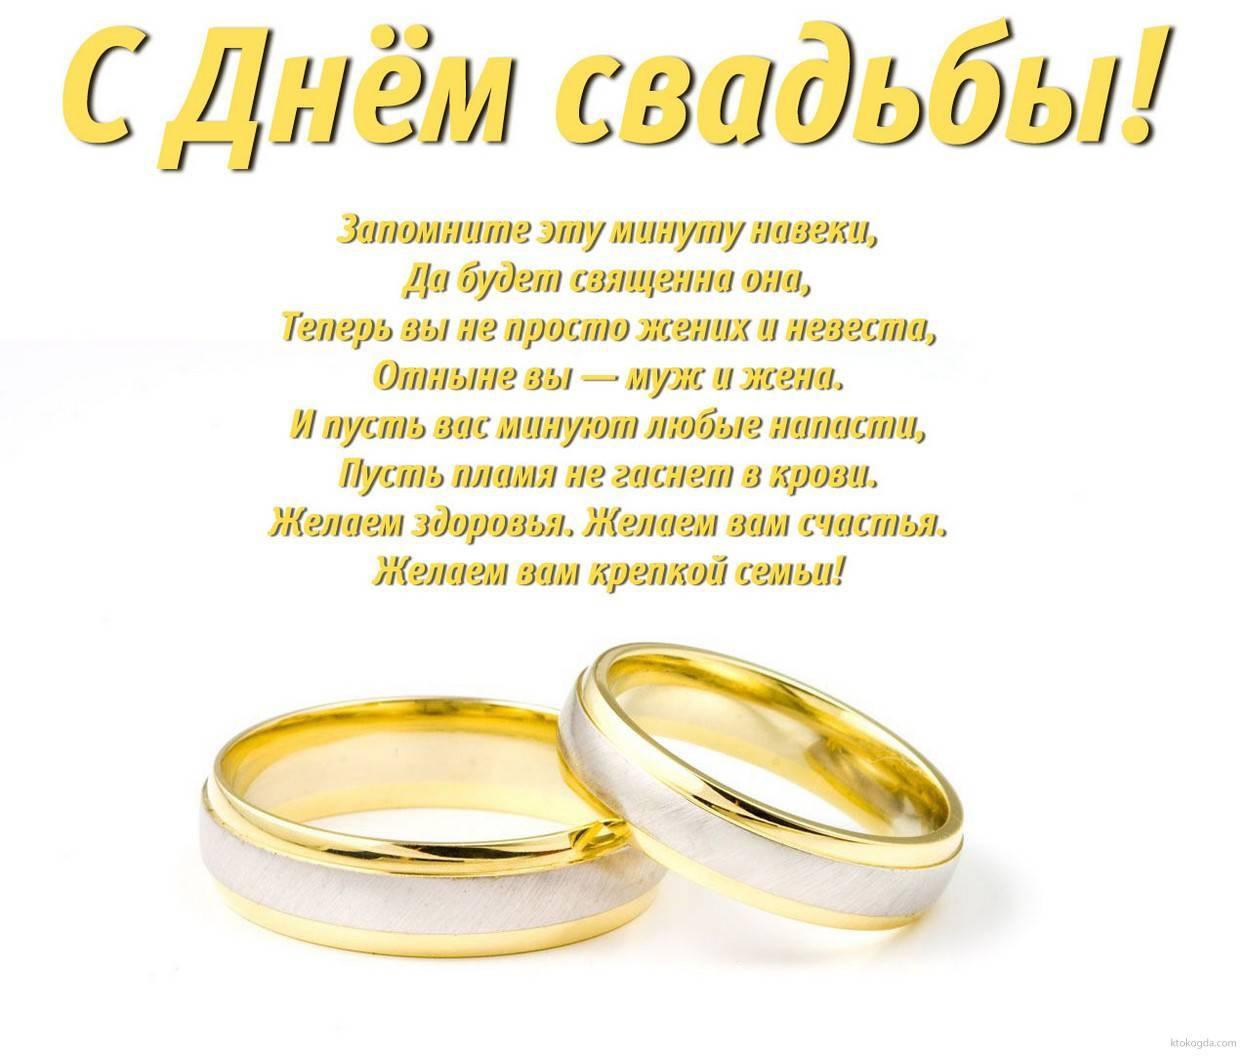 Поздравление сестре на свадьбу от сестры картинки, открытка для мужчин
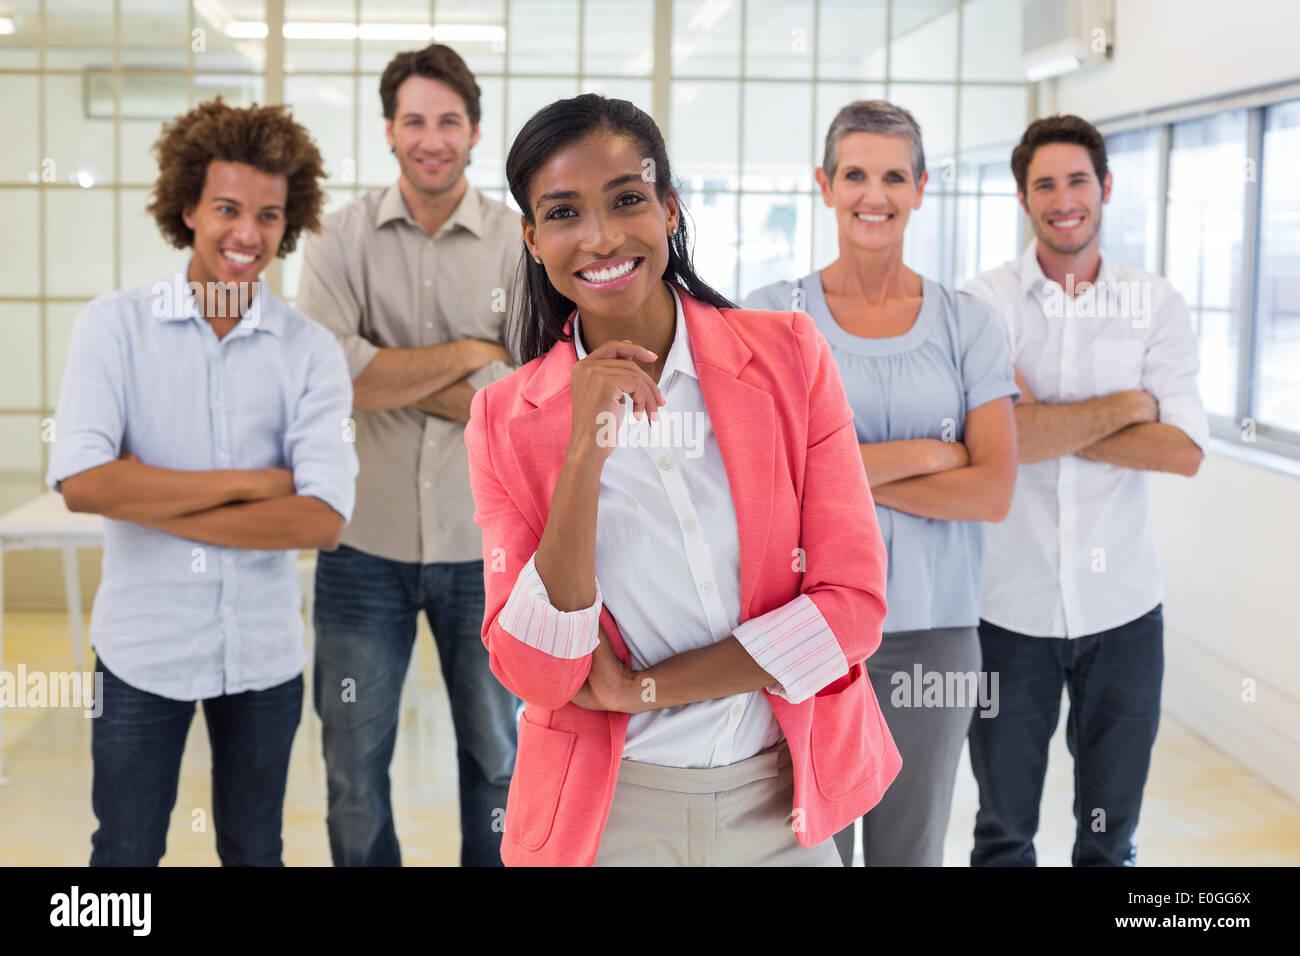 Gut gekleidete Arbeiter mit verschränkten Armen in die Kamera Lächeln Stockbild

# # # # #

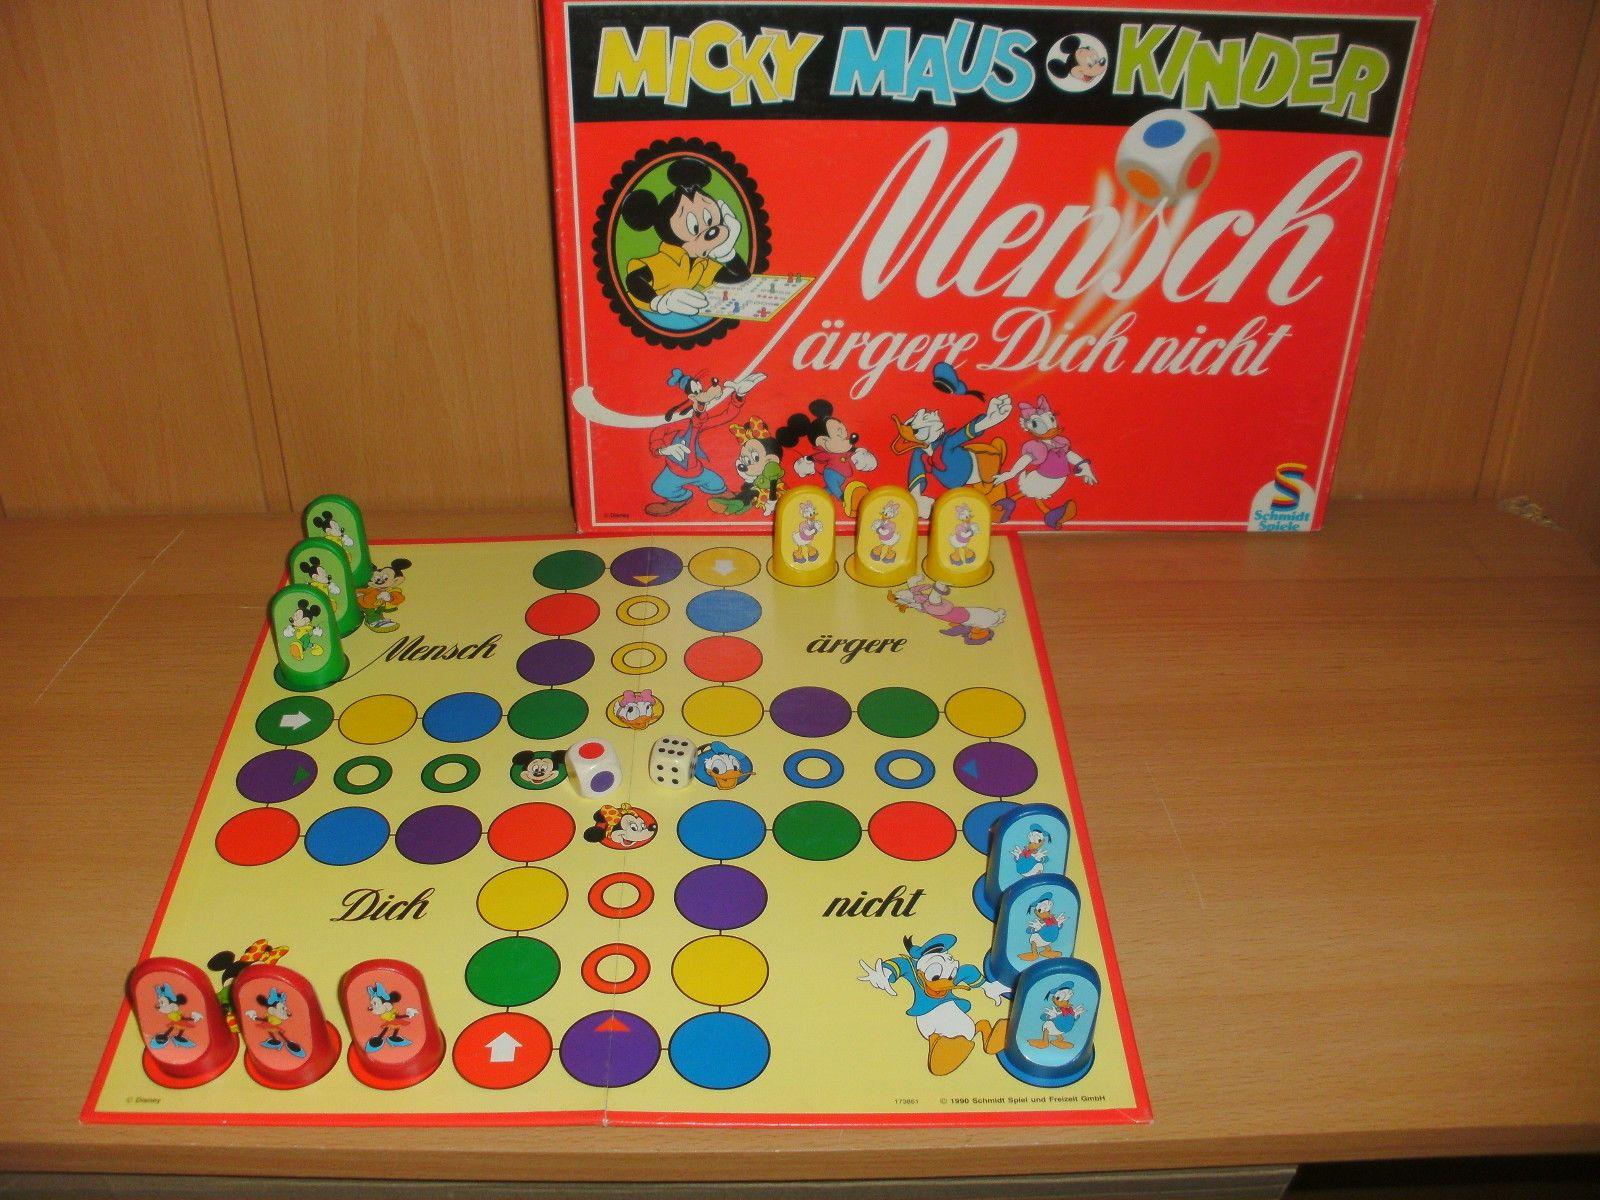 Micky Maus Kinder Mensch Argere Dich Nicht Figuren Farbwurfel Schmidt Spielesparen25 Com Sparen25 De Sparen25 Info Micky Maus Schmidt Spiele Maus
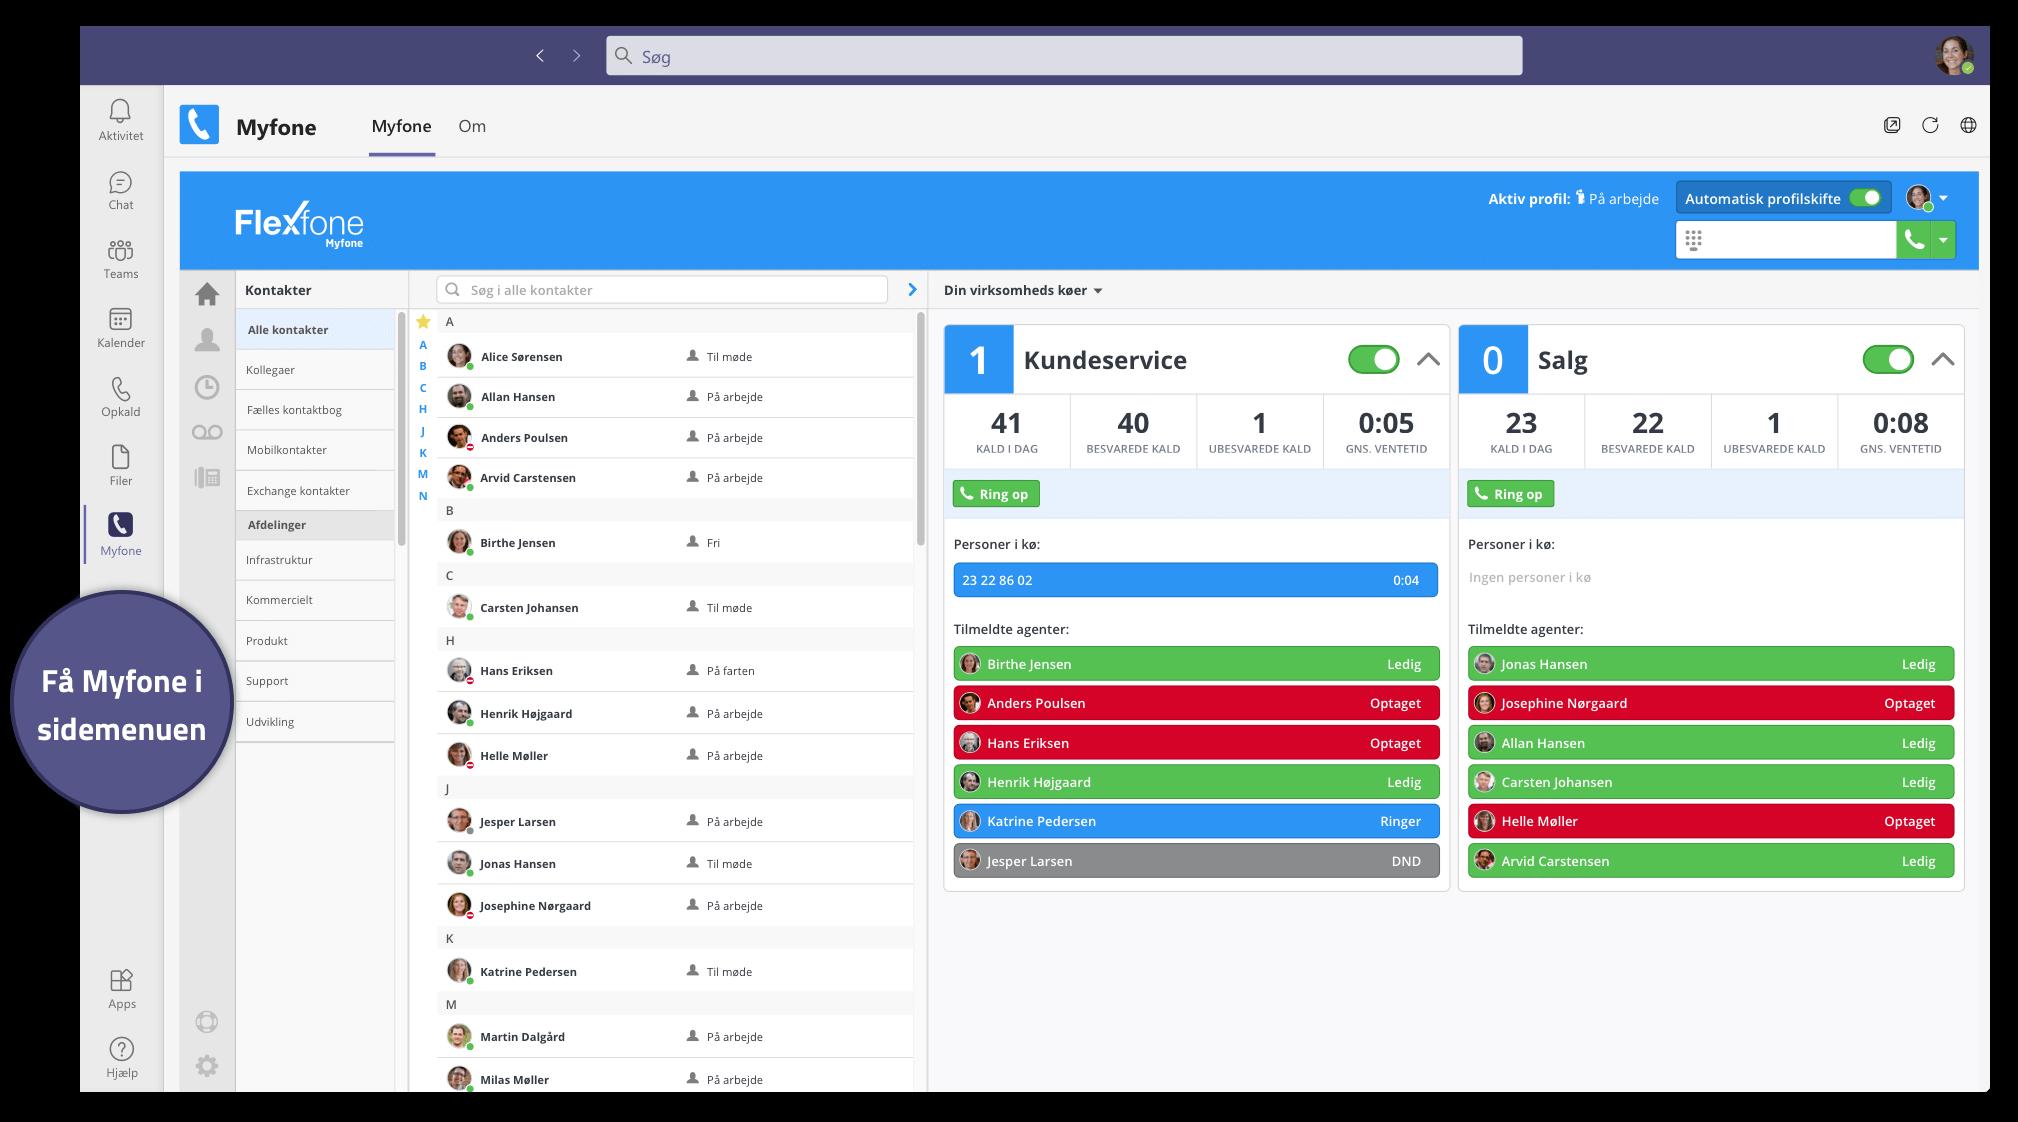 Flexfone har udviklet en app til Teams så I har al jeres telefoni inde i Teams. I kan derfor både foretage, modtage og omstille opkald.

# # # # #

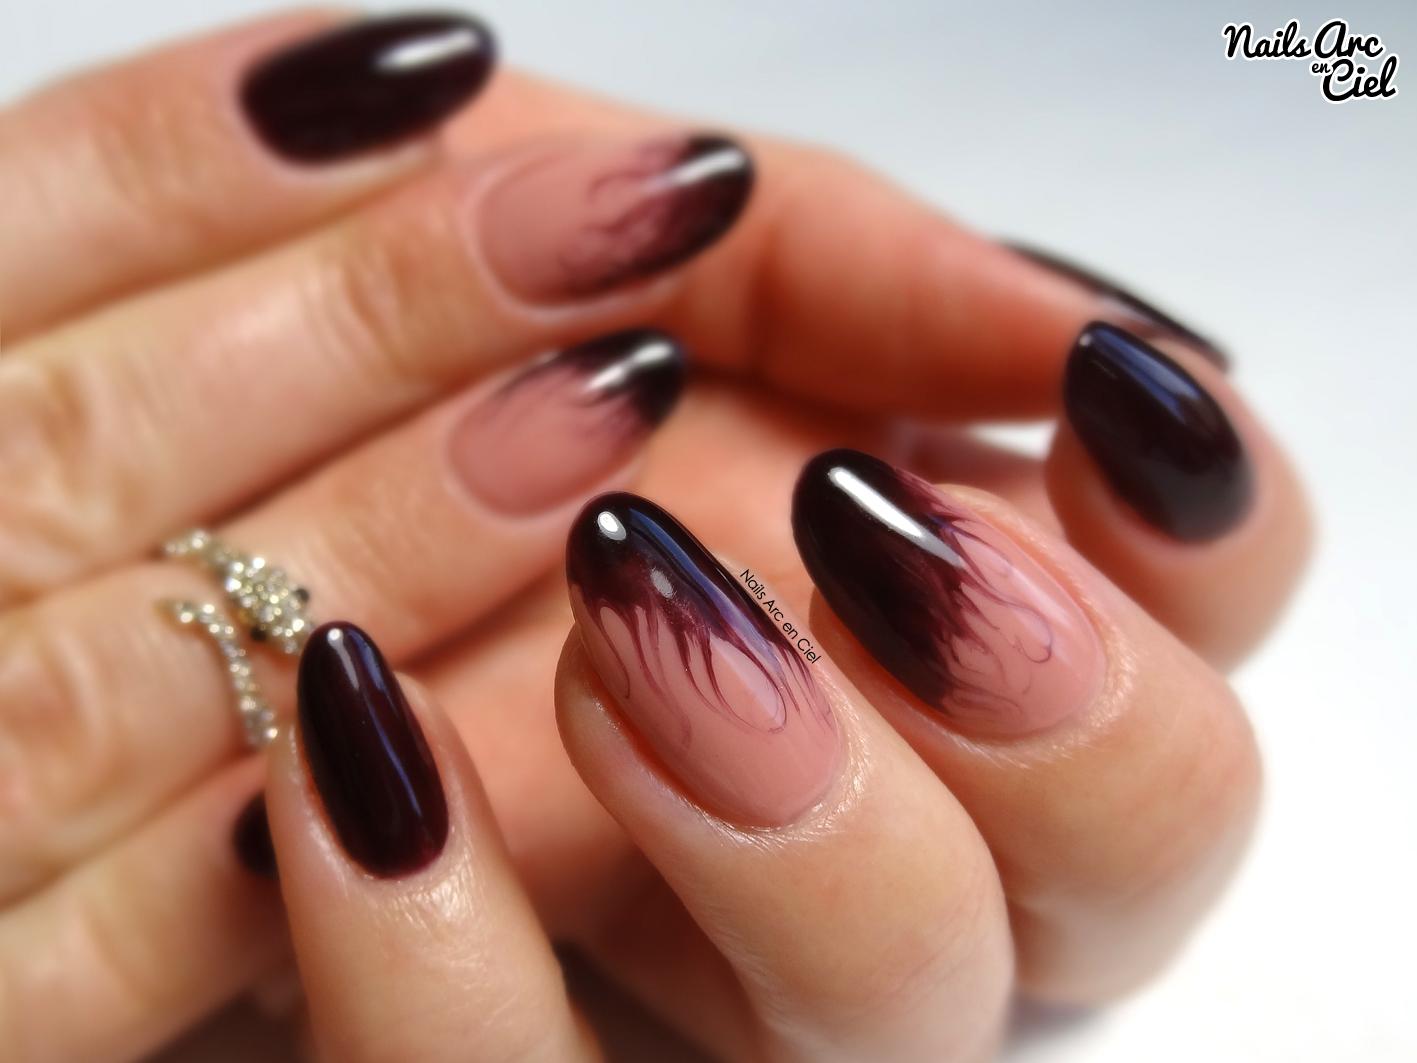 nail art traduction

# # # # #

Only the lines above from the one containing "Micky Maus Kinder" through the one containing "Flexfone har udviklet" should be returned, verbatim and inclusive, with pictures excluded.

 Micky Maus Kinder Mensch Argere Dich Nicht Figuren Farbwurfel Schmidt Spielesparen25 Com Sparen25 De Sparen25 Info Micky Maus Schmidt Spiele Maus
 Flexfone har udviklet en app til Teams så I har al jeres telefoni inde i Teams. I kan derfor både foretage, modtage og omstille opkald.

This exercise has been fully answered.